Vocabulary - Githubissues

dennybritz / cnn-text-classification-tf

Convolutional Neural Network for Text Classification in Tensorflow

Apache License 2.0

5.65k stars 2.77k forks source link

Vocabulary #150

Open antriksh63 opened 6 years ago

antriksh63 commented 6 years ago

I wanted to ask from where can we view the vocabulary of words? There is a vocab file but entries in it are like this- 8003 6374 656e 736f 7266 6c6f 772e 636f 6e74 7269 622e 6c65 6172 6e2e 7079 7468 6f6e 2e6c 6561 726e 2e70 7265 7072 6f63 6573 7369 6e67 2e74 6578 740a 566f 6361

bibhu107 commented 6 years ago

After line 55 of train.py add the following code. It will produce a voca.txt file where there would be words and their id.

vocab_dict = vocab_processor.vocabulary_._mapping
sorted_vocab = sorted(vocab_dict.items(), key = lambda x : x[1])

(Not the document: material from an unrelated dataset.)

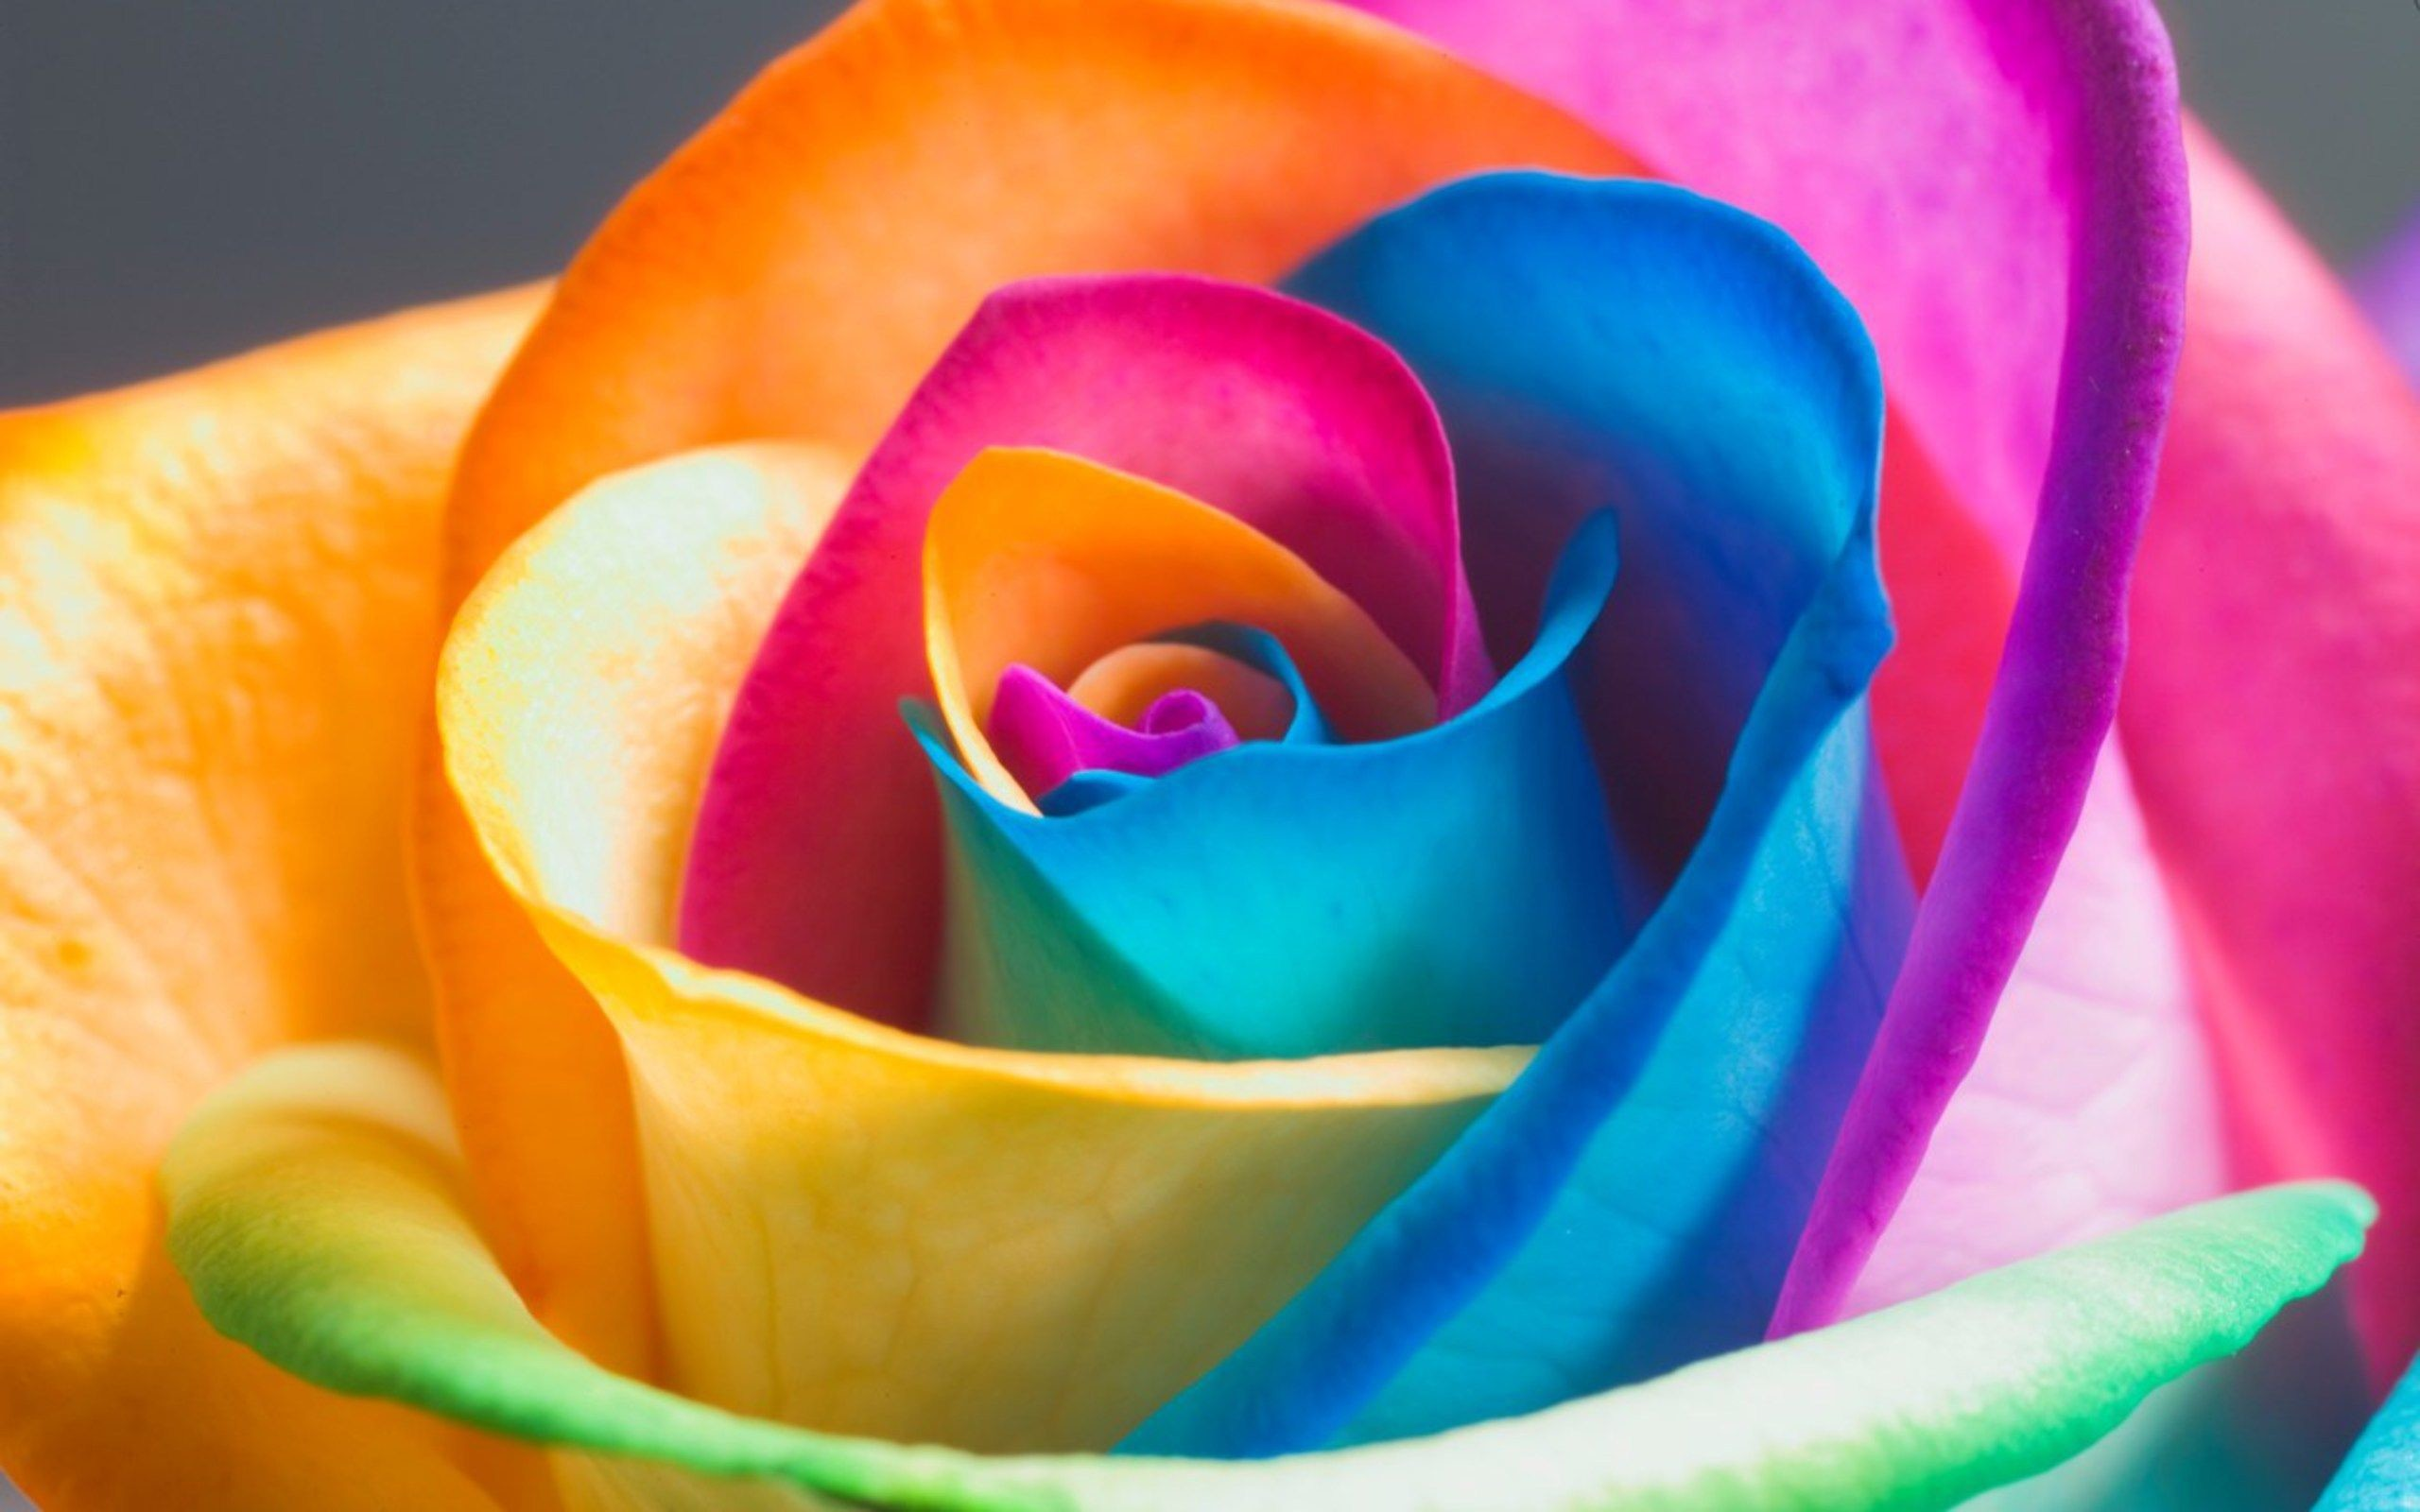 Garden plants Beautiful Rainbow Rose Seeds Multi-colored Rose seed – Decor  Home Ideas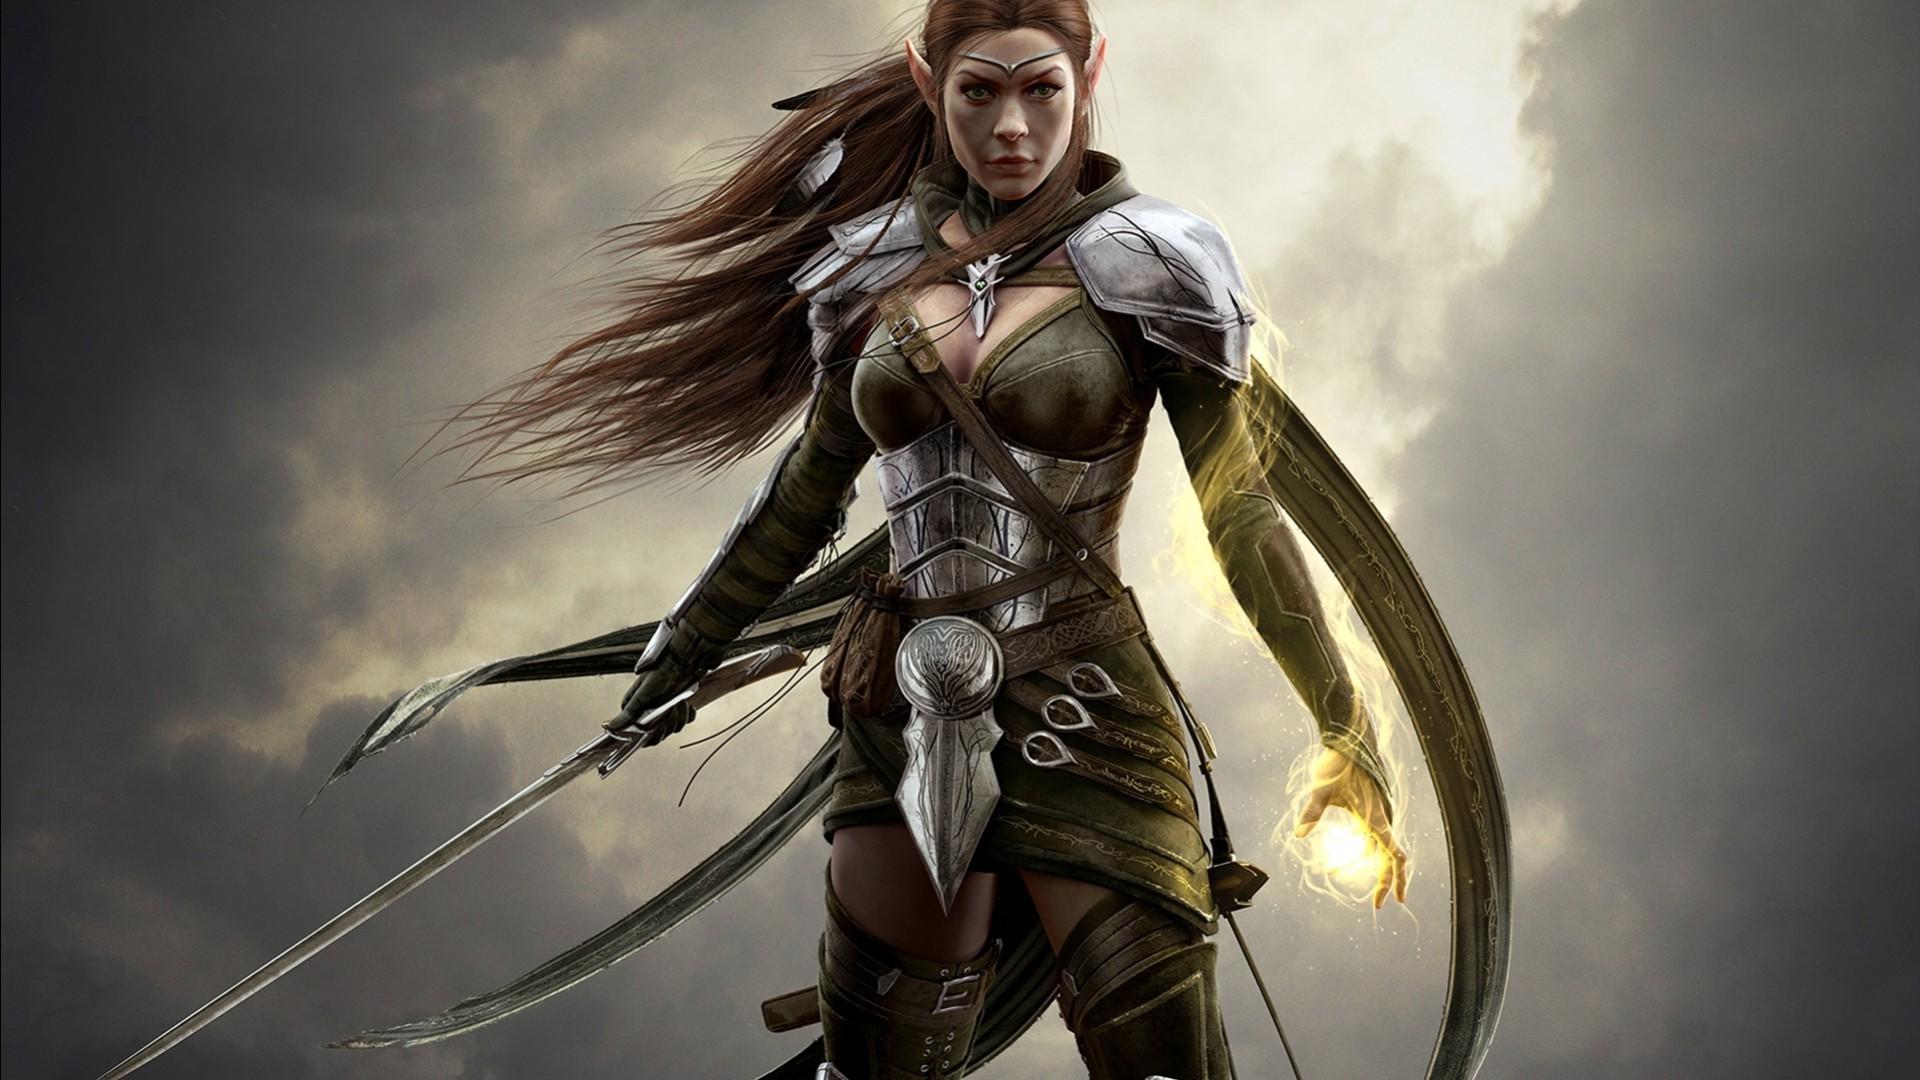 The Elder Scrolls Online Morrowind wallpapers or desktop backgrounds

vocabulary = list(list(zip(*sorted_vocab))[0])
file = open("vocab.txt","w")

file.writelines('{}:{}\n'.format(k,v) for k, v in vocab_dict.items())
file.close()

antriksh63 commented 6 years ago

Thanks!

dgyhee commented 6 years ago

The model evaluates sentences by paring a certain ID and ID's of voc in the sentence, right? Then could we separate voca.txt into two parts, such as highly positive voc and highly negative voc?

Alezas commented 3 years ago

Hi, I'm starting in this and my question is, since the network finished training, evaluating, how do I have access to the classes that the CNN found? or is it not possible?